## What needs to be done
Nothing but the lines from the one containing "3 Five-Dollar Bills, 1 Ten and 1 Twenty" through the last line of the material should appear in the answer, transcribed exactly, pictures excluded.

## Material provided
§ §

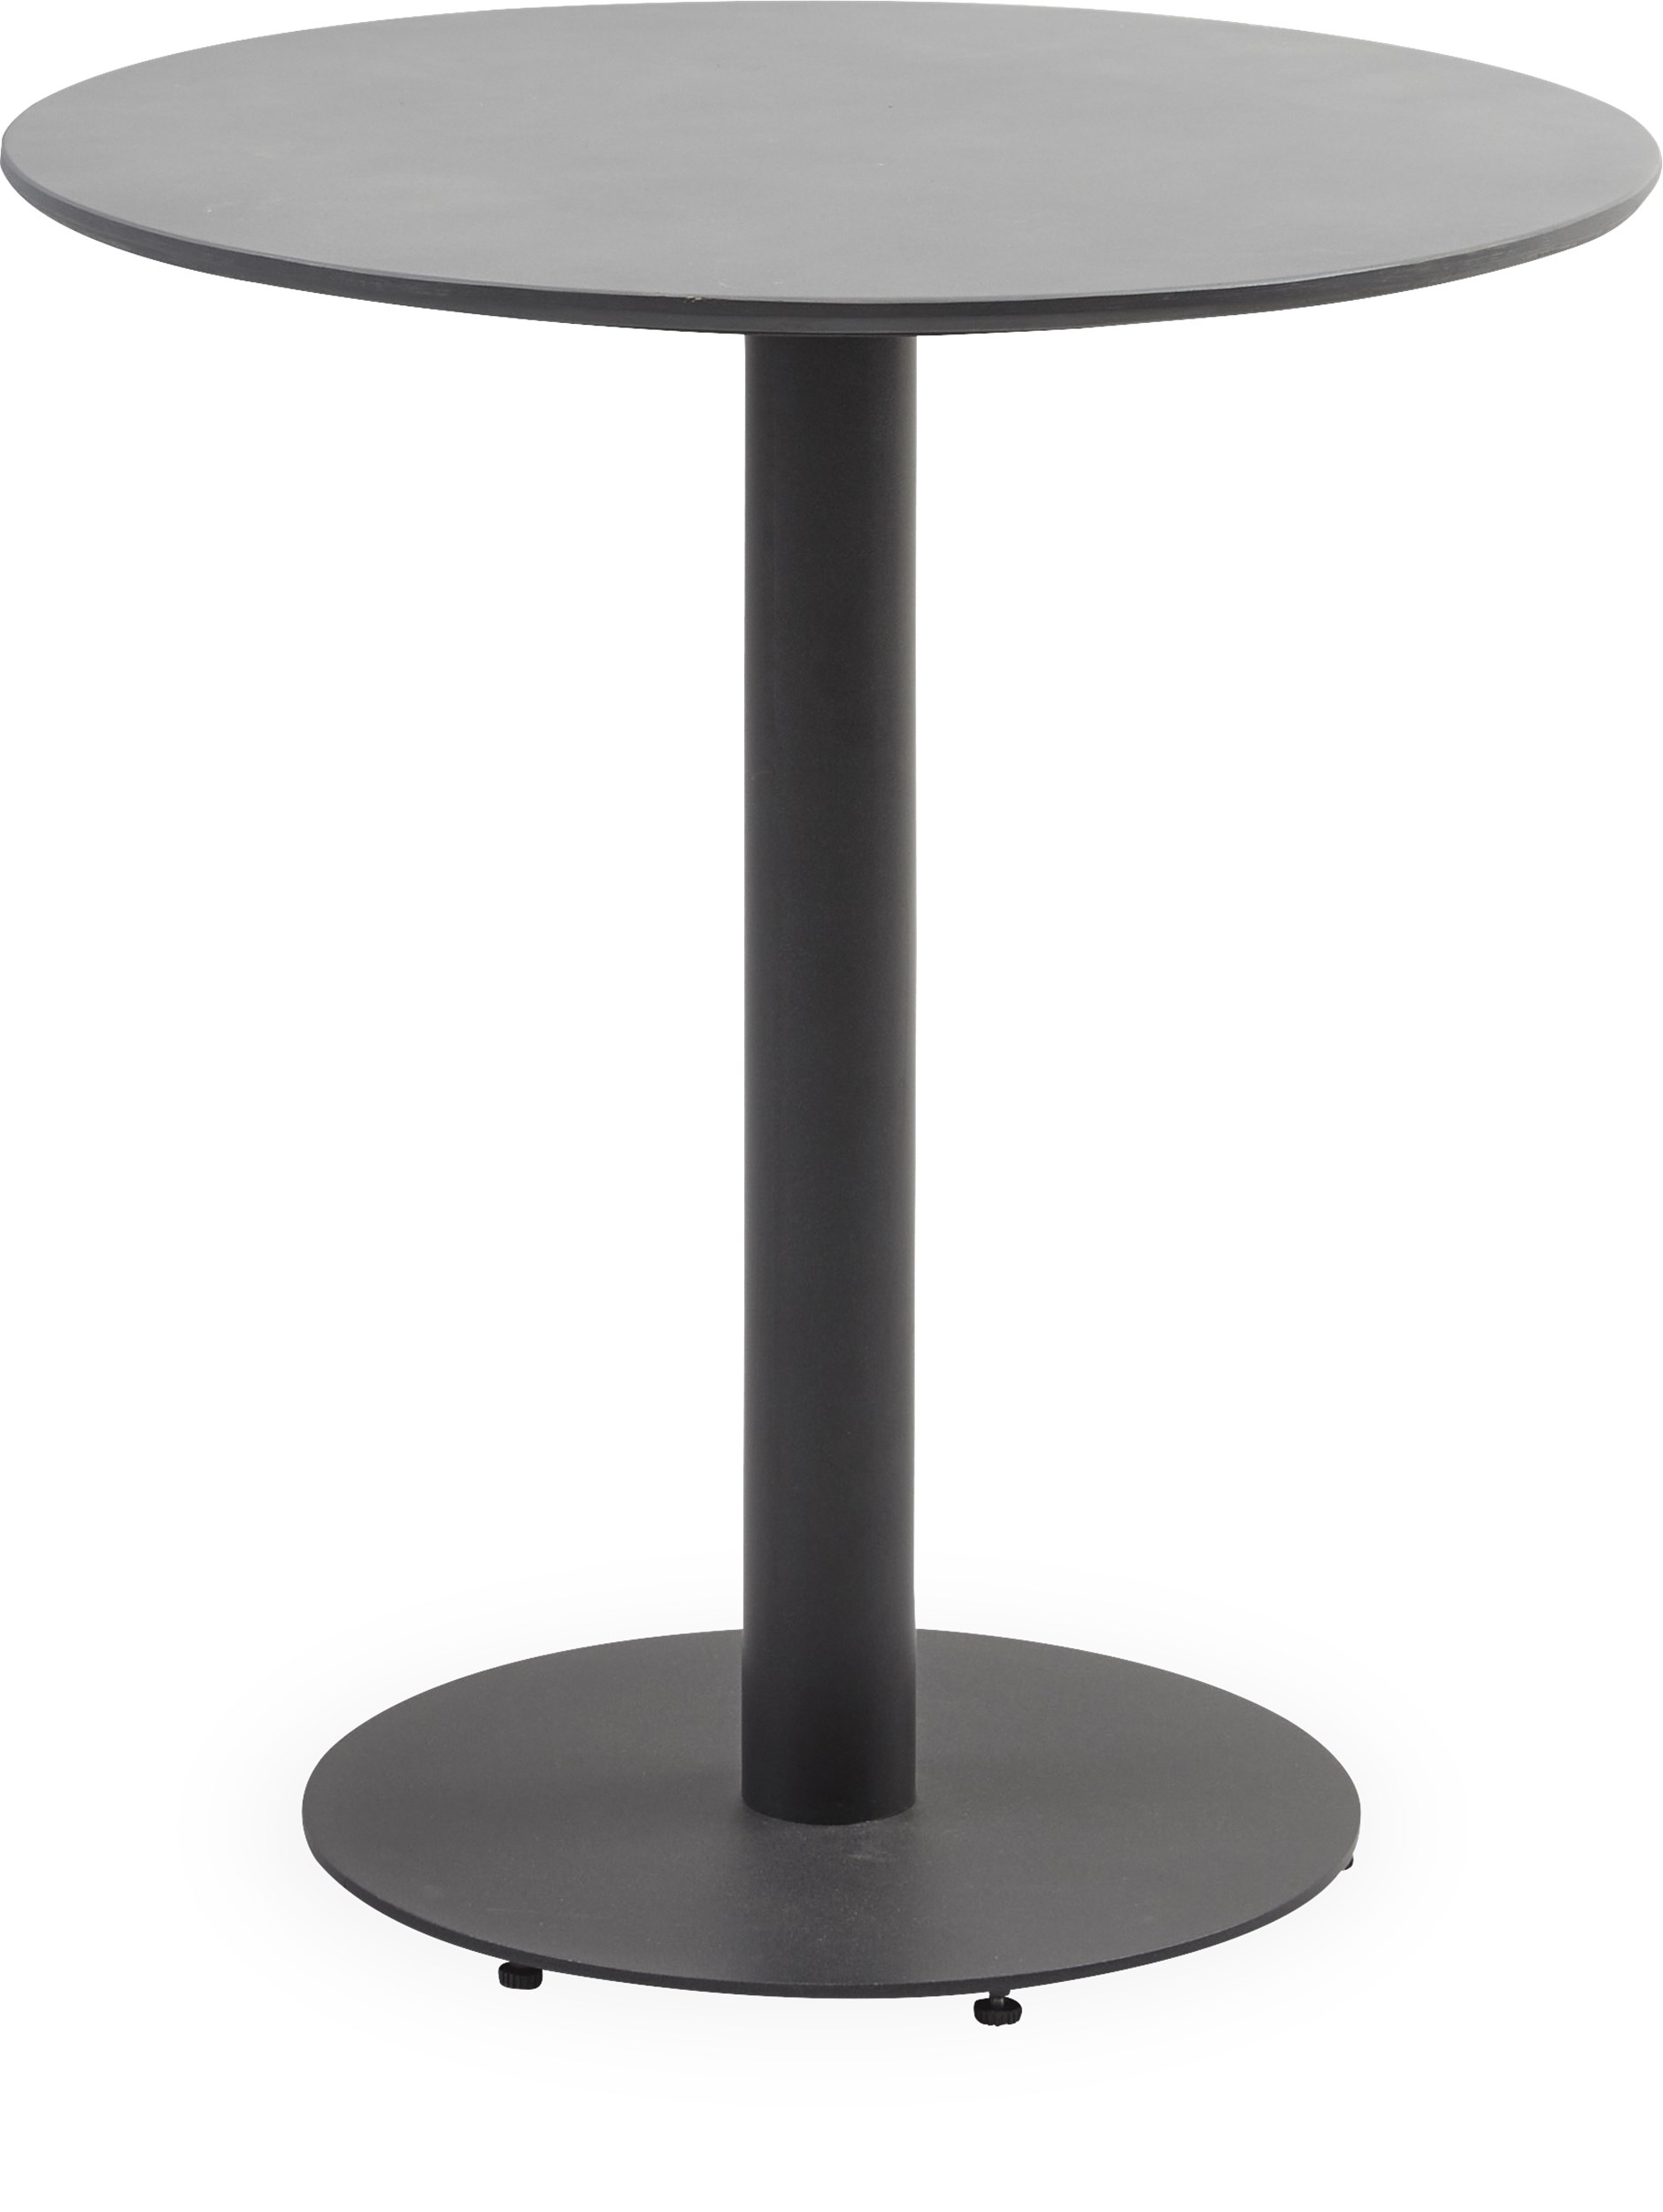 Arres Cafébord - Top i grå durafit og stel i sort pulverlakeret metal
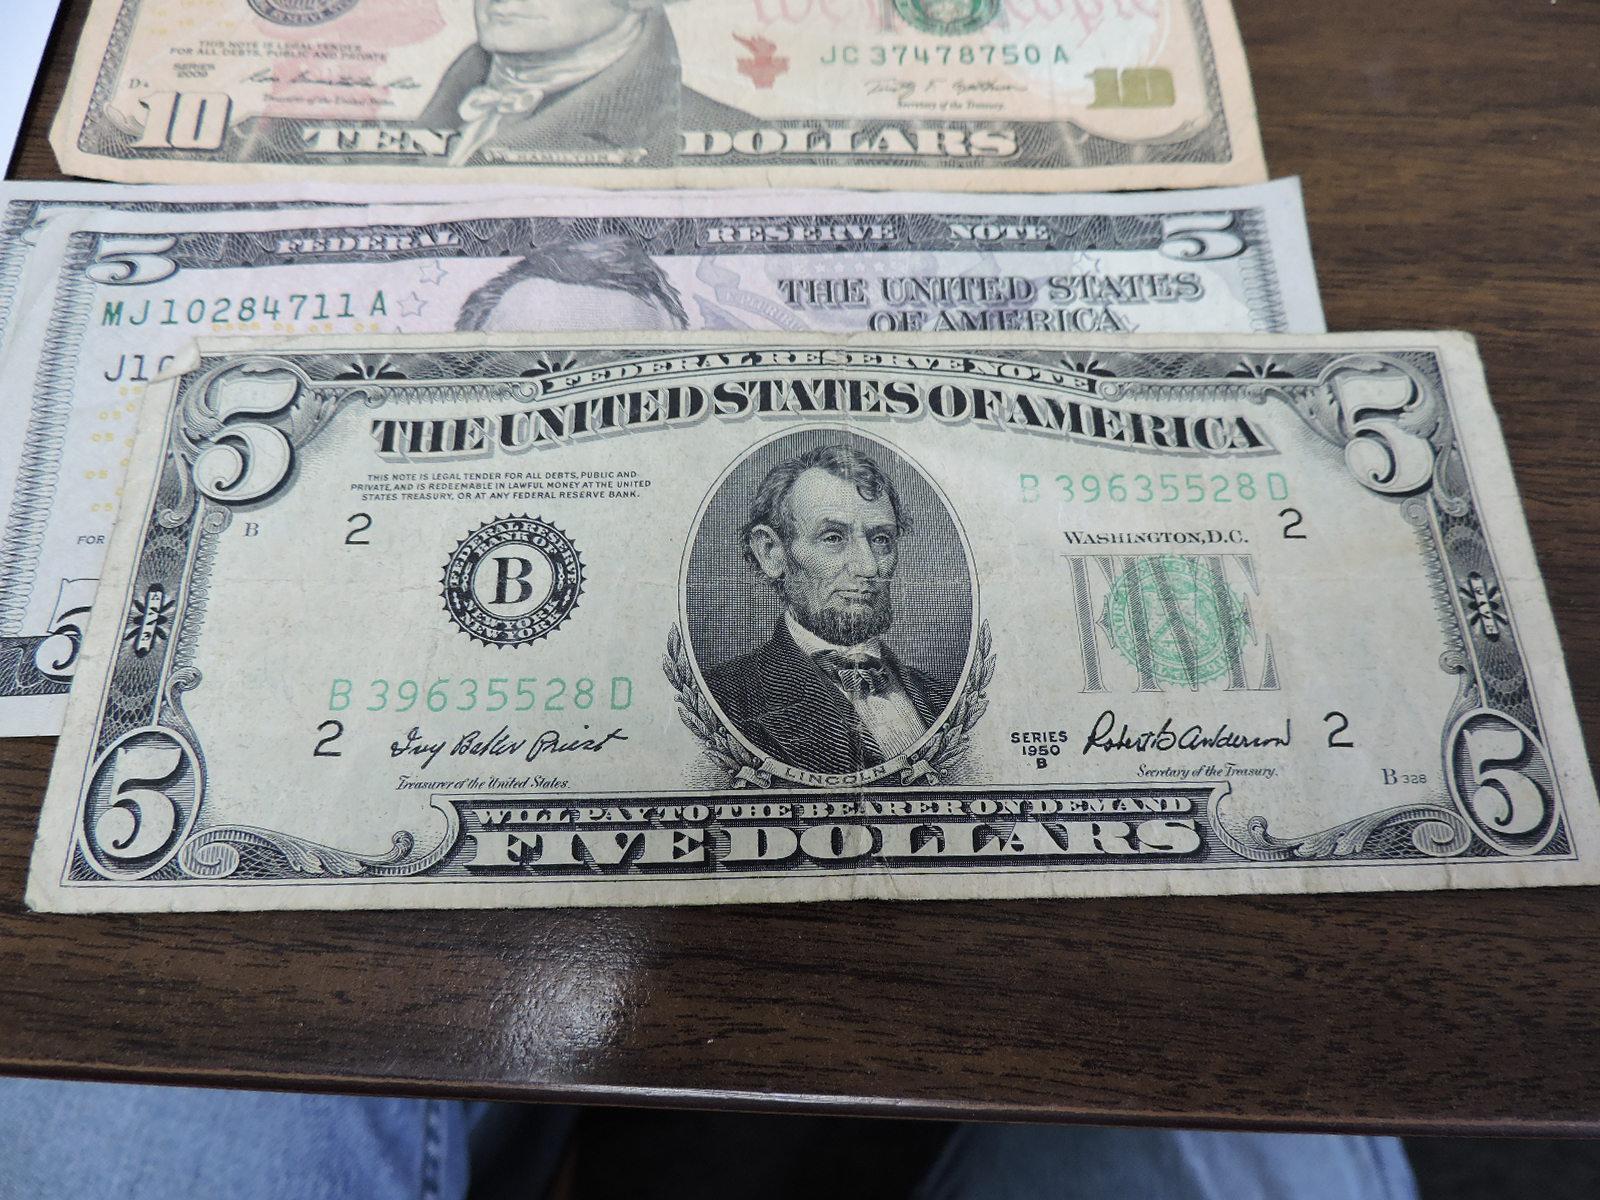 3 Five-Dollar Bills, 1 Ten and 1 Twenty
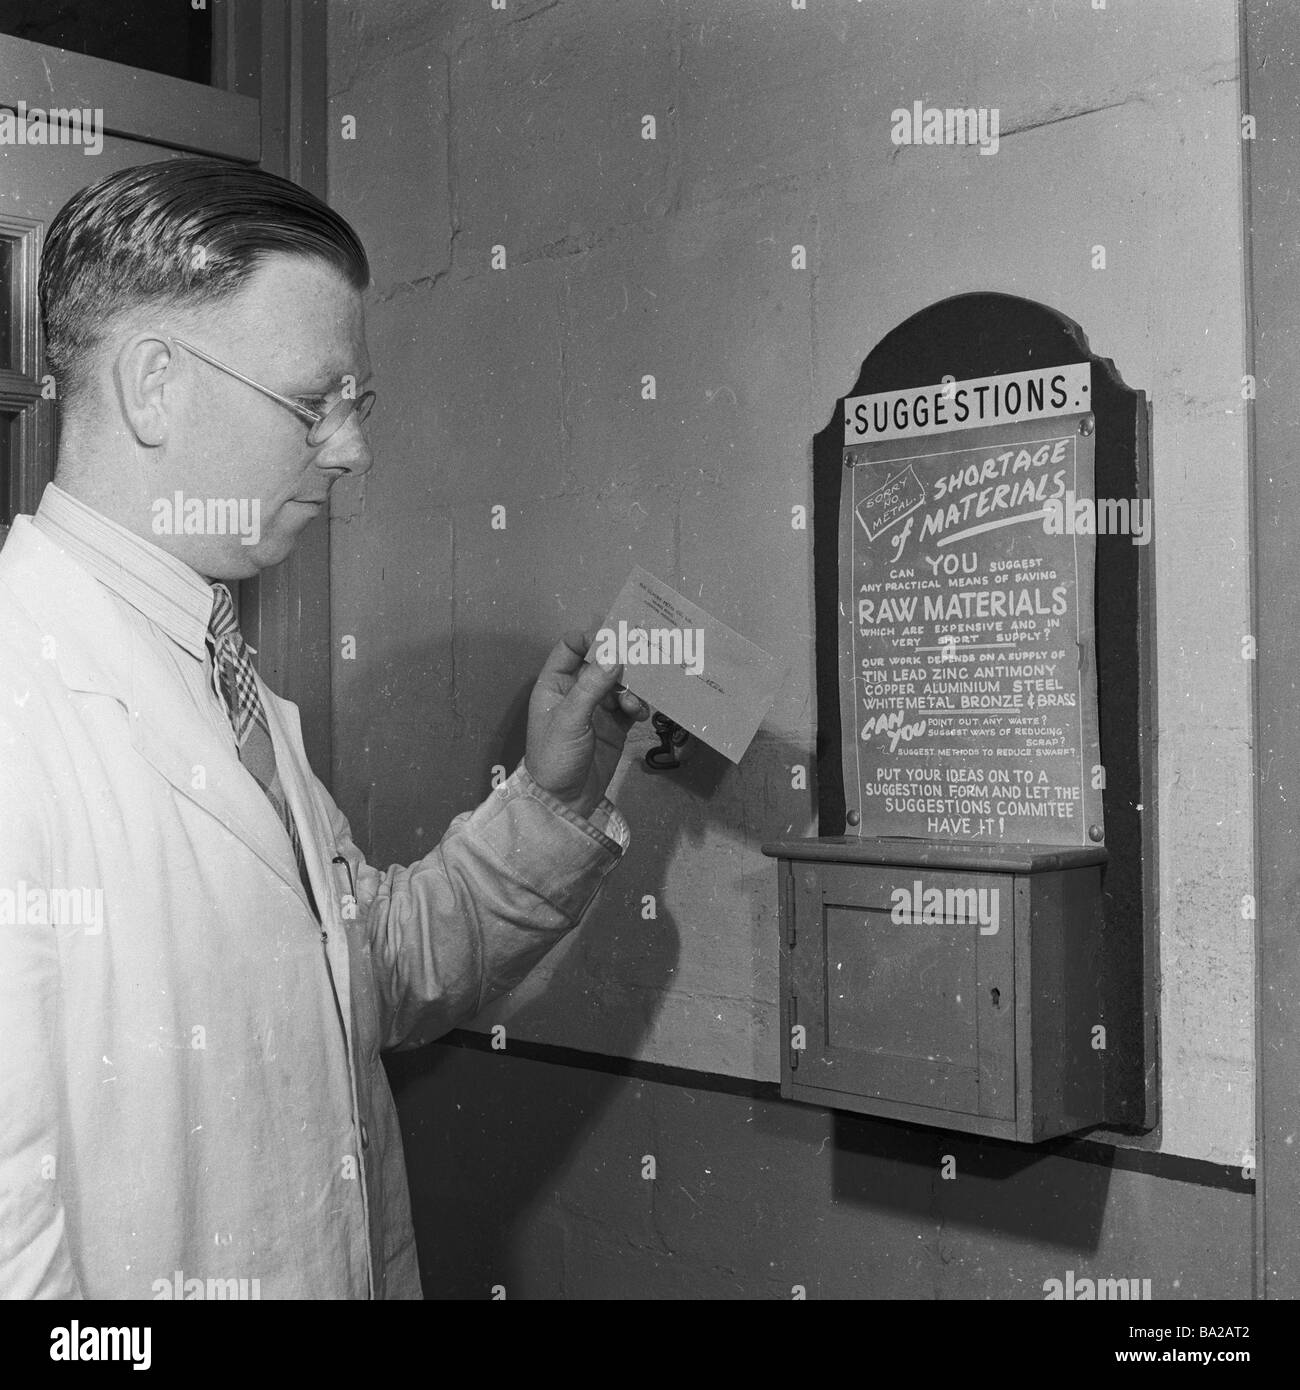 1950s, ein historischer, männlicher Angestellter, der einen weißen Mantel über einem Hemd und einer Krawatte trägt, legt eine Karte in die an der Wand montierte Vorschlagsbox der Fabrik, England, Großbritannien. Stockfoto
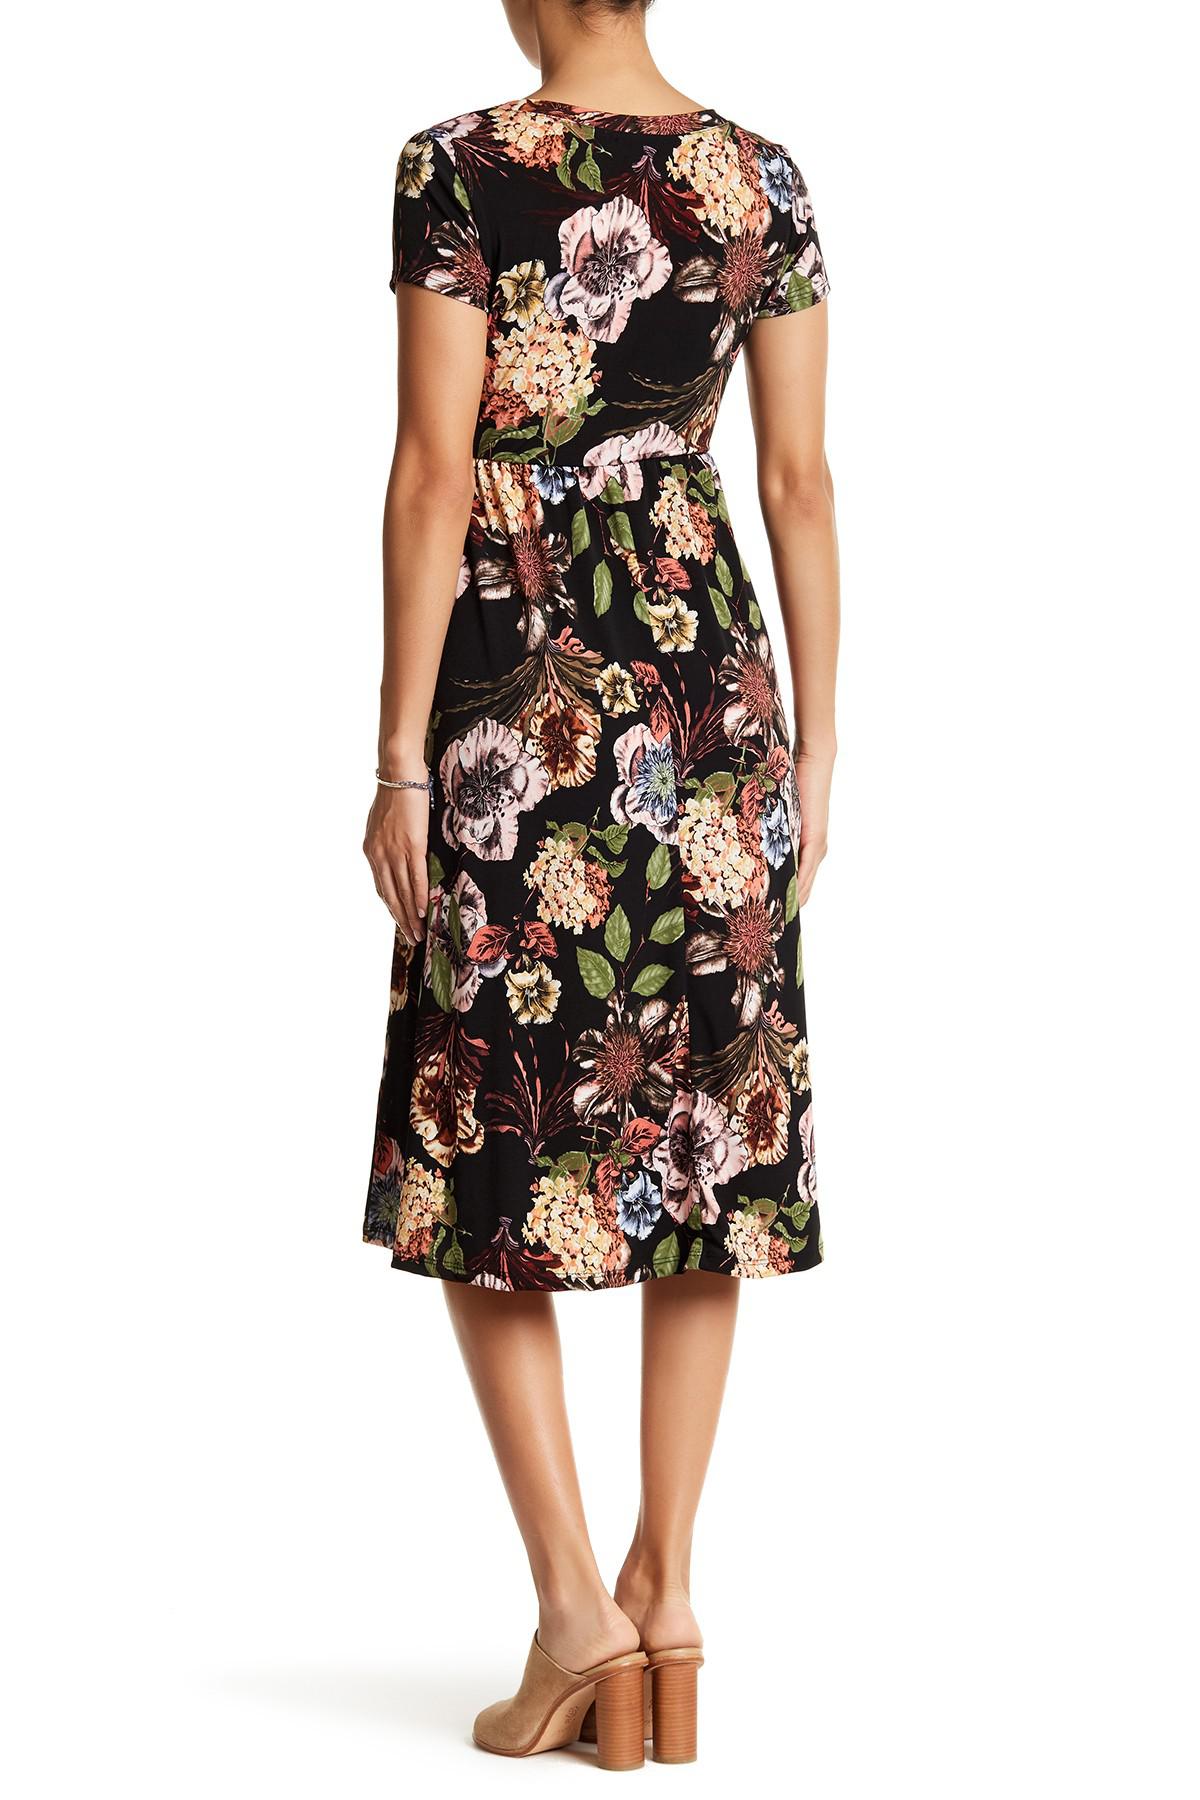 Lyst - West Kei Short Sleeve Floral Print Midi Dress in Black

§ §

## Problem solution
 3 Five-Dollar Bills, 1 Ten and 1 Twenty
 1950s, ein historischer, männlicher Angestellter, der einen weißen Mantel über einem Hemd und einer Krawatte trägt, legt eine Karte in die an der Wand montierte Vorschlagsbox der Fabrik, England, Großbritannien. Stockfoto
 Lyst - West Kei Short Sleeve Floral Print Midi Dress in Black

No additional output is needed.